Stock photo eviction notice
Caption

A DeKalb County judge extended an eviction moratorium in the county of 760,000 after President Joe Biden and Congress let the federal ban on displacing delinquent renters expire.

Credit: Stock image/Georgia Recorder

A DeKalb County judge stepped into a looming eviction crisis in Georgia after President Joe Biden couldn’t extend a moratorium on displacing delinquent renters and Congress didn’t come to the rescue.
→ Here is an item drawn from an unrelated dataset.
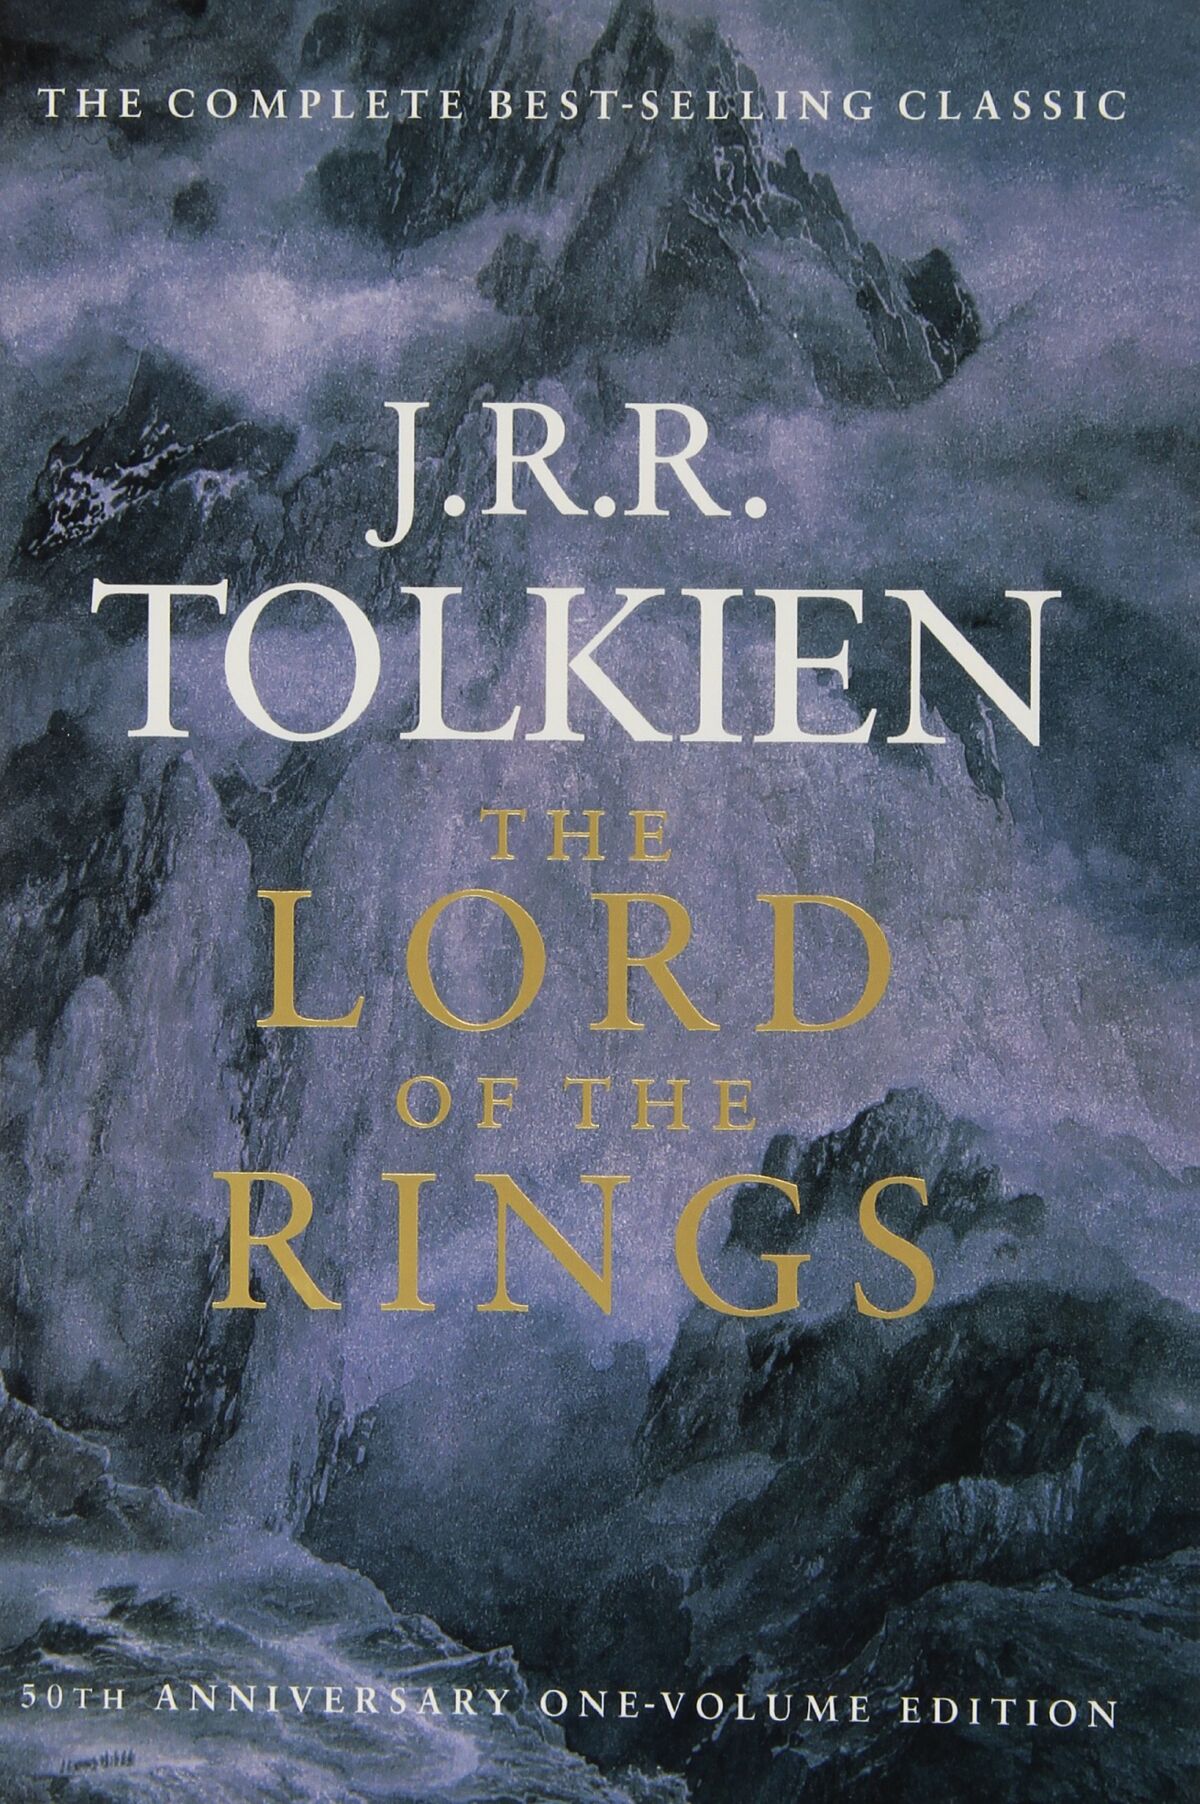 The Lord of the Rings | The One Wiki to Rule Them All | Fandom

DeKalb Superior Court Judge Asha Jackson Friday signed off on the 60-day extension in the county of 760,000 people. It provides similar protections for tenants who’ve fallen behind on their rent as did the Centers for Disease Control and Prevention’s moratorium that ran from September through the end of July.

DeKalb CEO Michael Thurmond said he will also recommend that when county commissioners meet Tuesday they increase the cap for the county’s emergency rental assistance program that uses federal funding to aid renters and property owners.

Across much of Georgia, as more eviction cases advance through the courts, the pressure is growing to speed up distribution of hundreds of millions of federal dollars for rental assistance to tenants and their landlords before it’s too late.

DeKalb Superior Court Judge Asha Jackson
Caption

DeKalb Superior Court Judge Asha Jackson

Credit: Dekalb County

While the pandemic relief bills passed by Congress have included $46 billion in emergency rental assistance, that money has trickled out slowly from state and local governments as those agencies scrambled to administer new programs or bolster ones that had been historically underfunded.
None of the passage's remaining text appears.